British Nationality Act 1772
- Parliament of Great Britain
- Long title: An Act to extend the Provisions of an Act, made in the Fourth Year of the Reign of His late Majesty King George the Second, intituled, An Act to explain a Clause in an Act made in the Seventh Year of the Reign of Her late Majesty Queen Anne, for naturalizing Foreign Protestants, which relates to the Children of the natural-born Subjects of the Crown of England, or of Great Britain, to the Children of such Children.
- Citation: 13 Geo. 3. c. 21
- Territorial extent: Great Britain

Dates
- Royal assent: 16 March 1773
- Commencement: 26 November 1772
- Repealed: 1 January 1915

Other legislation
- Amends: Foreign Protestants Naturalization Act 1708; British Nationality Act 1730;
- Amended by: Promissory Oaths Act 1871; Statute Law Revision Act 1888;
- Repealed by: British Nationality and Status of Aliens Act 1914

Status: Repealed

Text of statute as originally enacted

= British Nationality Act 1772 =

Act of the Parliament of Great Britain

The British Nationality Act 1772 (13 Geo. 3. c. 21) was an Act of the Parliament of Great Britain. It was a British nationality law which made general provision allowing natural-born allegiance (citizenship) to be assumed if the father alone was British.

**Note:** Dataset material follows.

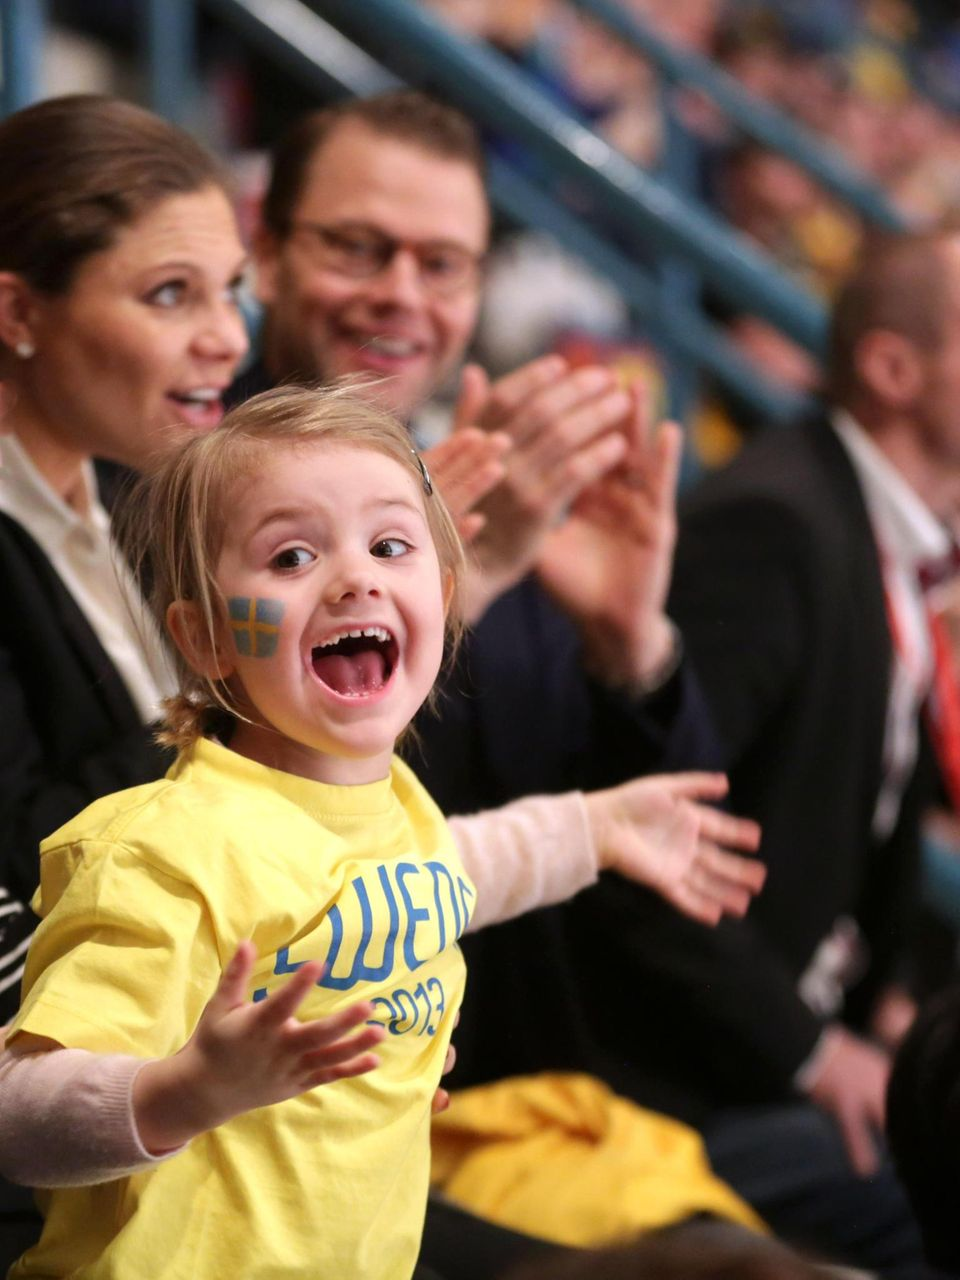 Prinzessin Estelle zeigt sich beim Eishockeyspiel Schweden gegen Finnland als begeisterter Fan des Sports und kann kaum stillhalten

The act was one of the British Subjects Acts 1708 to 1772.

== Subsequent developments ==
Section 3 of the act was repealed by section 1 of, and part II of schedule one to, the Promissory Oaths Act 1871 (34 & 35 Vict. c. 48), which came into force on 13 July 1871.

The whole act was repealed by section 28(1) of, and the third schedule to, the British Nationality and Status of Aliens Act 1914 (4 & 5 Geo. 5. c. 17), which came into force on 1 January 1915.